ИНСТРУКЦИЯ ПО МЕДИЦИНСКОМУ ПРИМЕНЕНИЮ ЛЕКАРСТВЕННОГО ПРЕПАРАТА НАТРИЯ ХЛОРИД

Торговое наименование

Натрия хлорид

Международное непатентованное или группировочное наименование

натрия хлорид

Лекарственная форма

растворитель для приготовления лекарственных форм для инъекций

Состав

Действующее вещество:
Натрия хлорид - 9 мг
вспомогательное вещество: вода для инъекций - до 1 мл

Описание

Бесцветная прозрачная жидкость.

Фармакотерапевтическая группа

растворитель

Код ATX

V07AB

Фармакологические свойства

Фармакодинамика

Раствор натрия хлорида 0,9 % изотоничен плазме крови человека.

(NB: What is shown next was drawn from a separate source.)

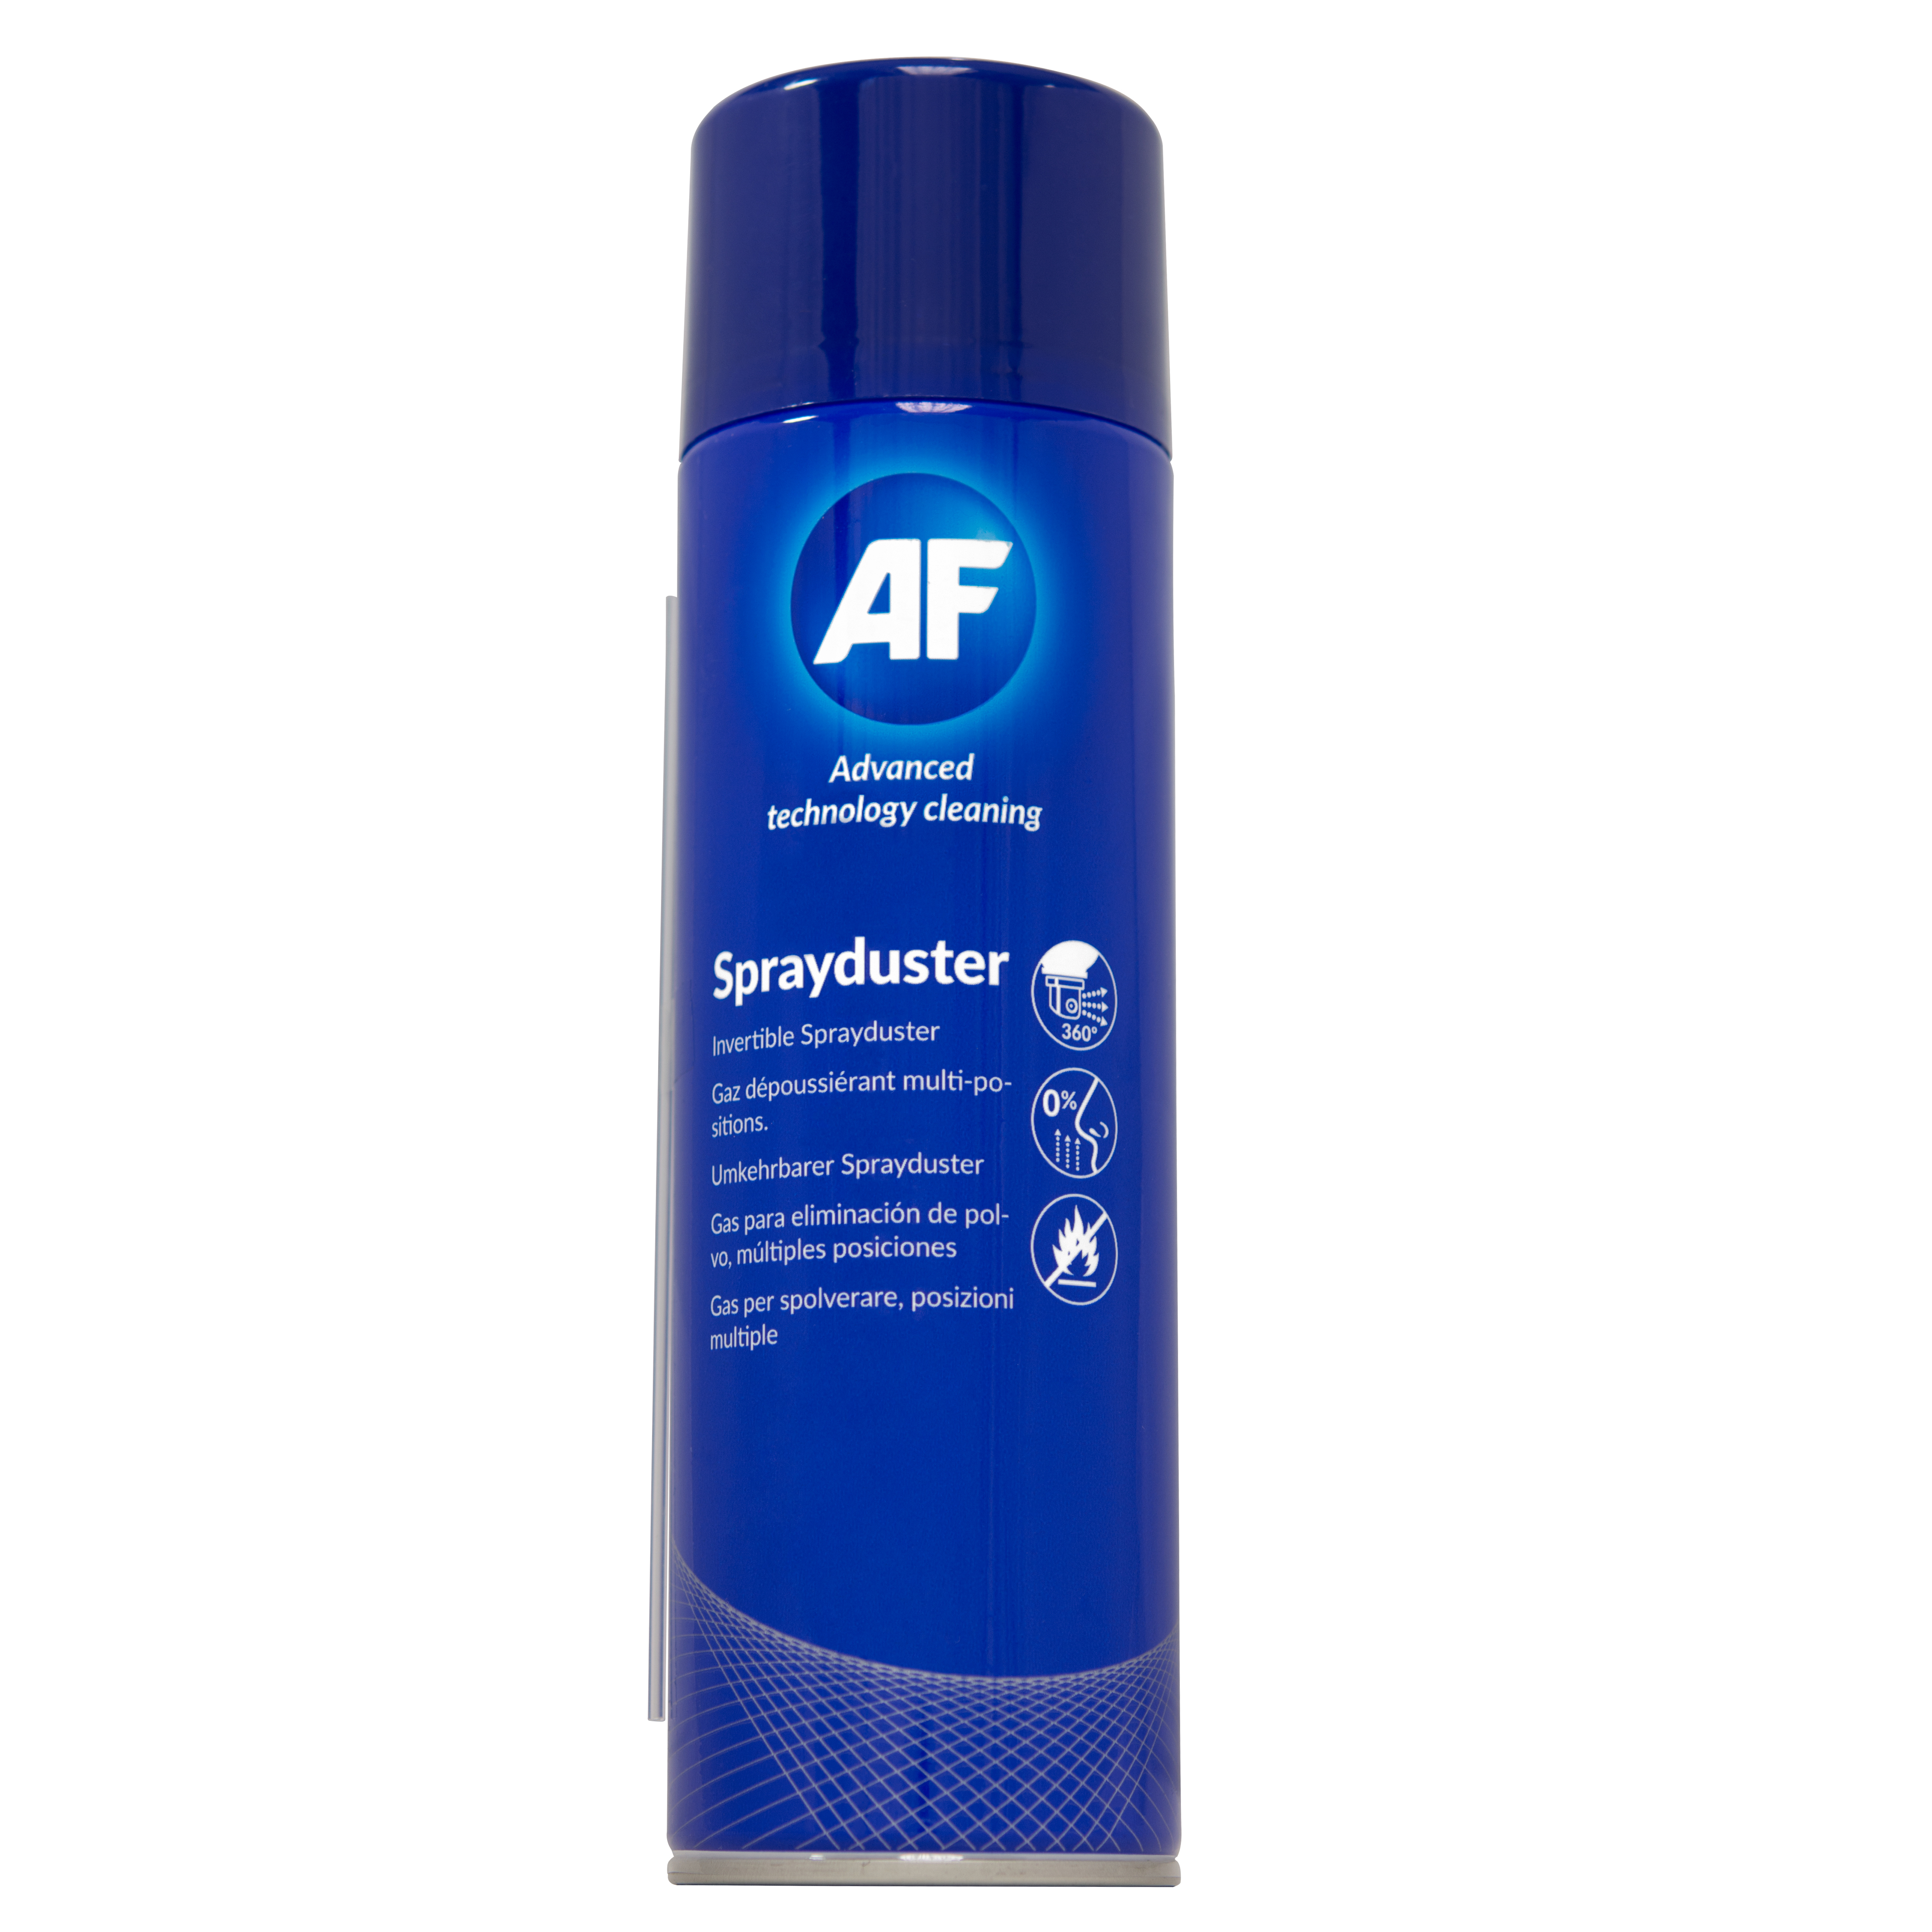 AF Sprayduster Invertible Air Duster 200ml ASDU200D

В малых объемах используется в качестве растворителя для приготовления инъекционных растворов лекарственных средств.

Фармакокинетика

Выводится почками.

Показания к применению

Растворение и разведение лекарственных препаратов.

Противопоказания

Не применять для растворения и разведения лекарственных средств, для которых в качестве обязательного указан другой растворитель.

С осторожностью

Декомпенсированная сердечная недостаточность, хроническая почечная недостаточность (олиго-, анурия), артериальная гипертензия.

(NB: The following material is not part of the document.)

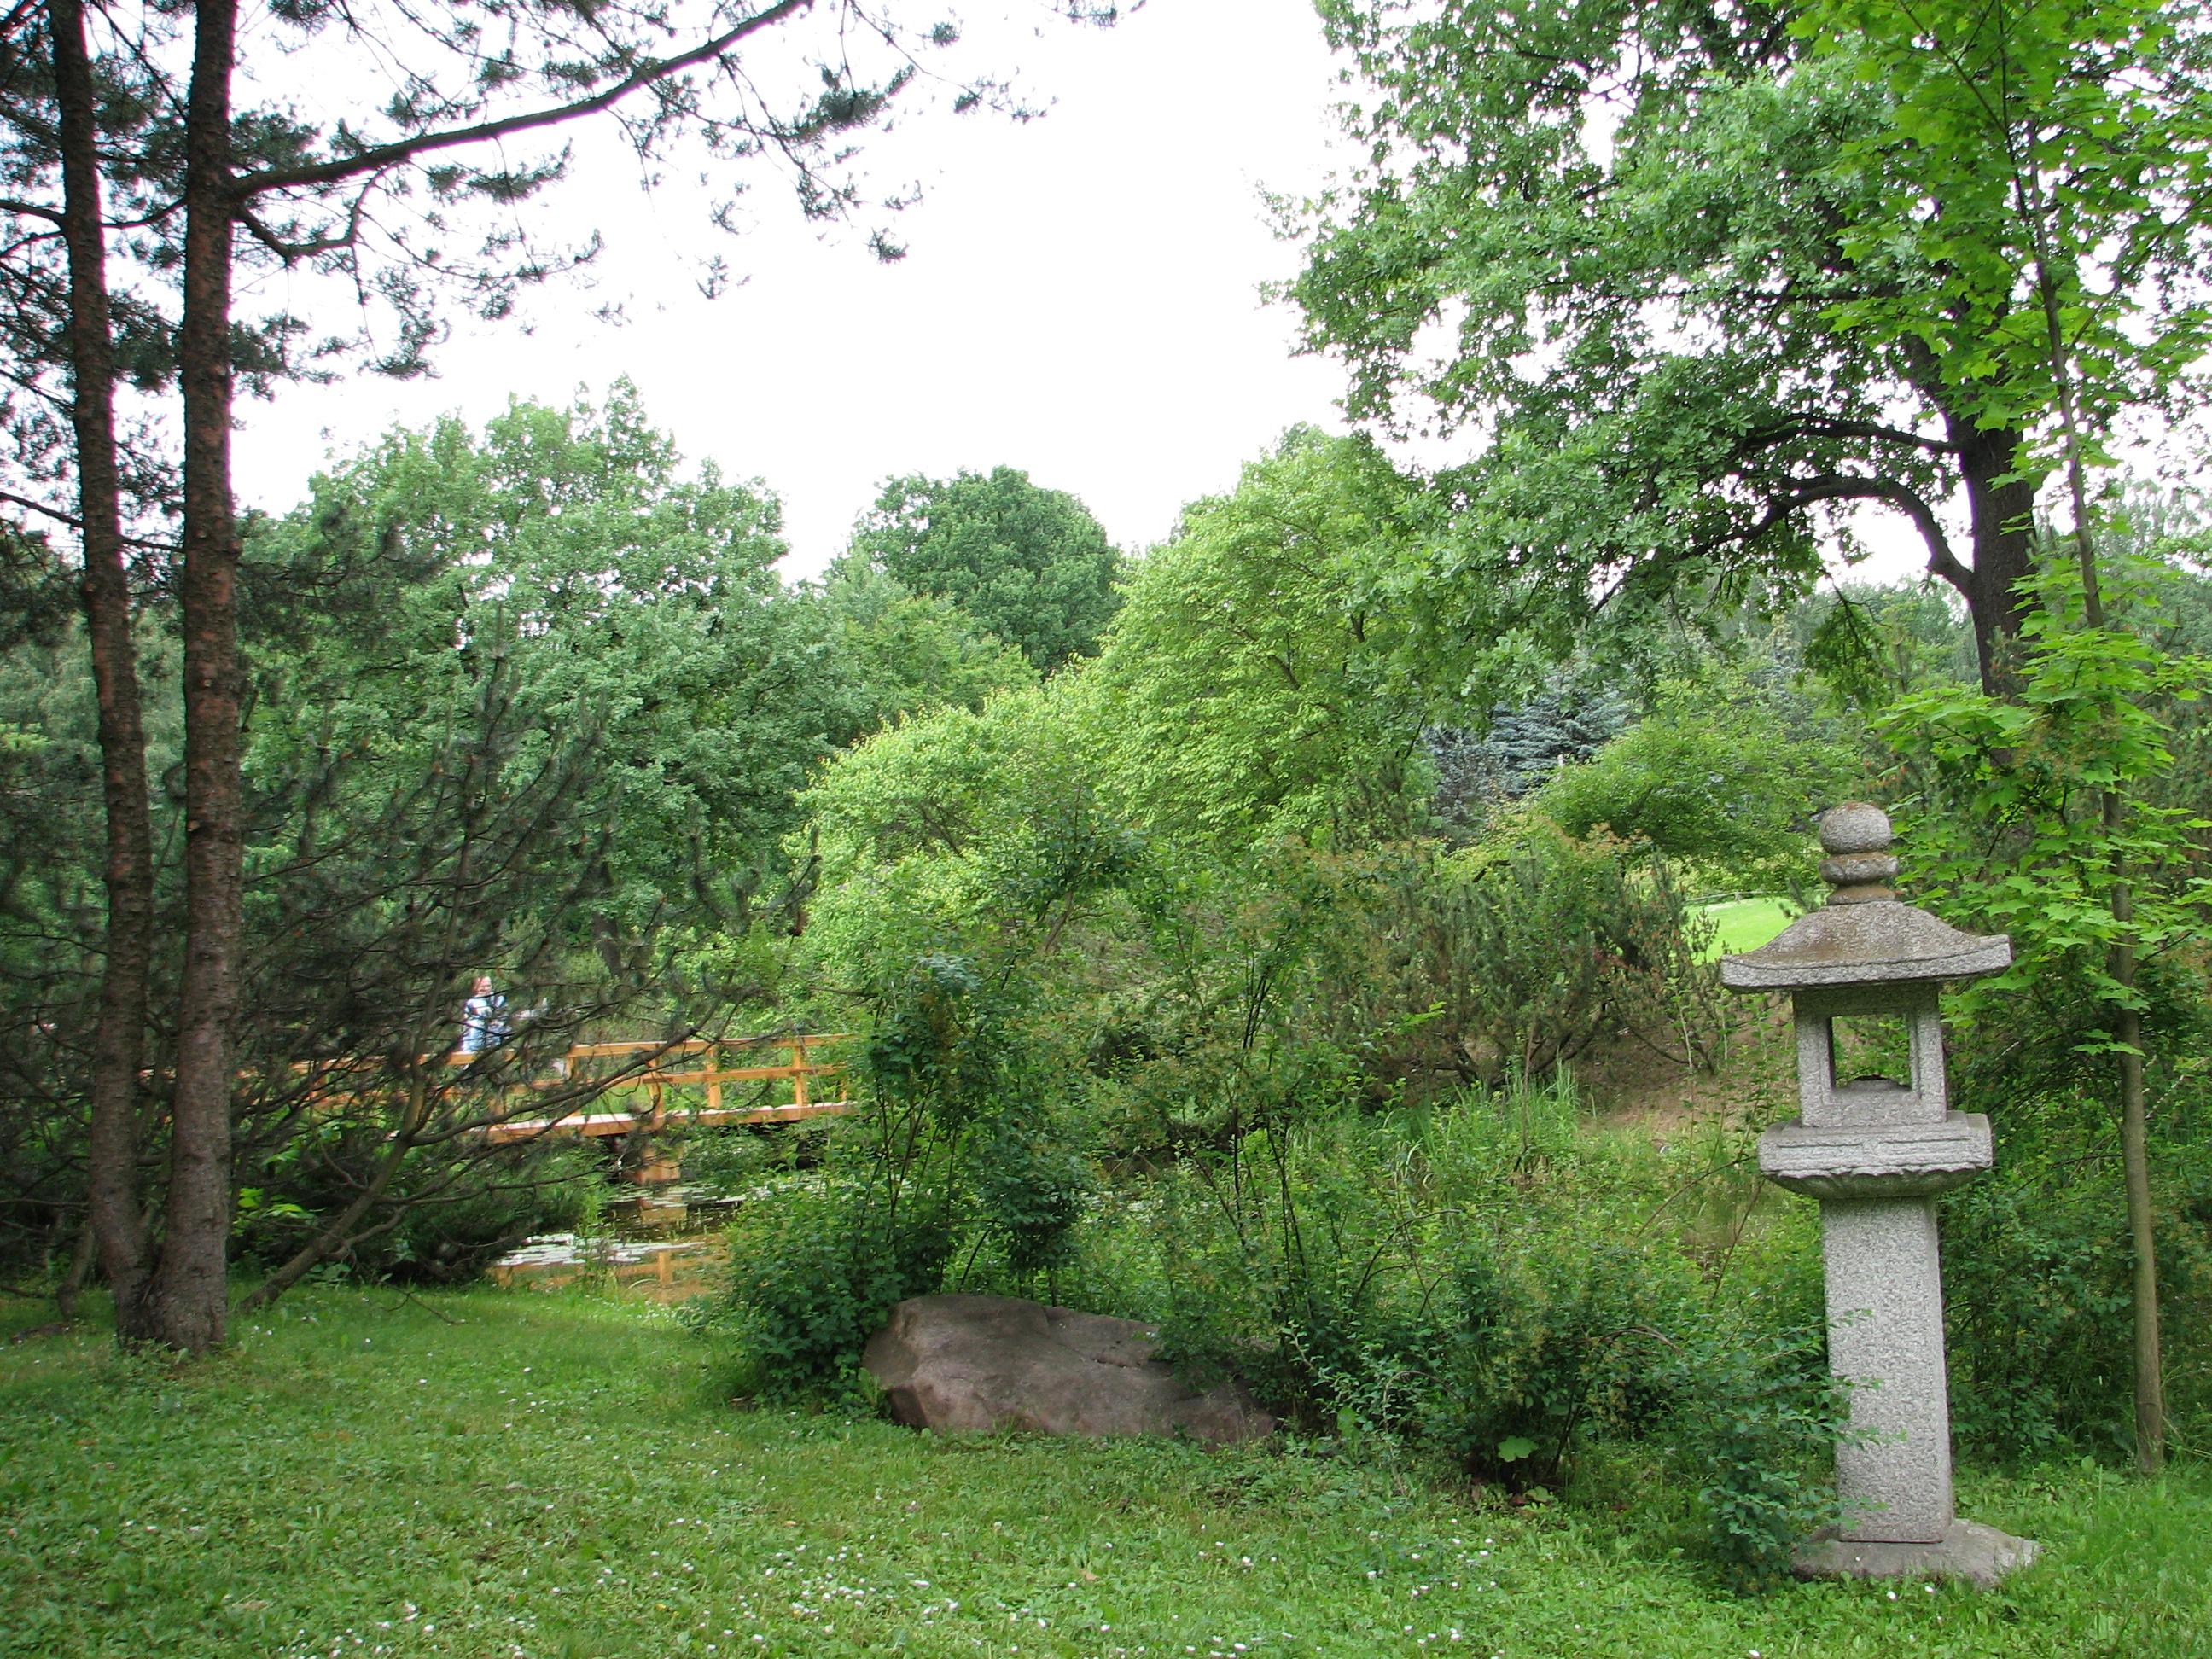 Японский сад москва 26 фотография

Применение при беременности и в период грудного вскармливания

Возможность применения при беременности и в период грудного вскармливания определяется инструкцией по медицинскому применению того препарата, для растворения или разведения будет применяться растворитель.

Способ применения и дозы

Подкожно, внутримышечно, внутривенно после растворения или разведения лекарственных средств.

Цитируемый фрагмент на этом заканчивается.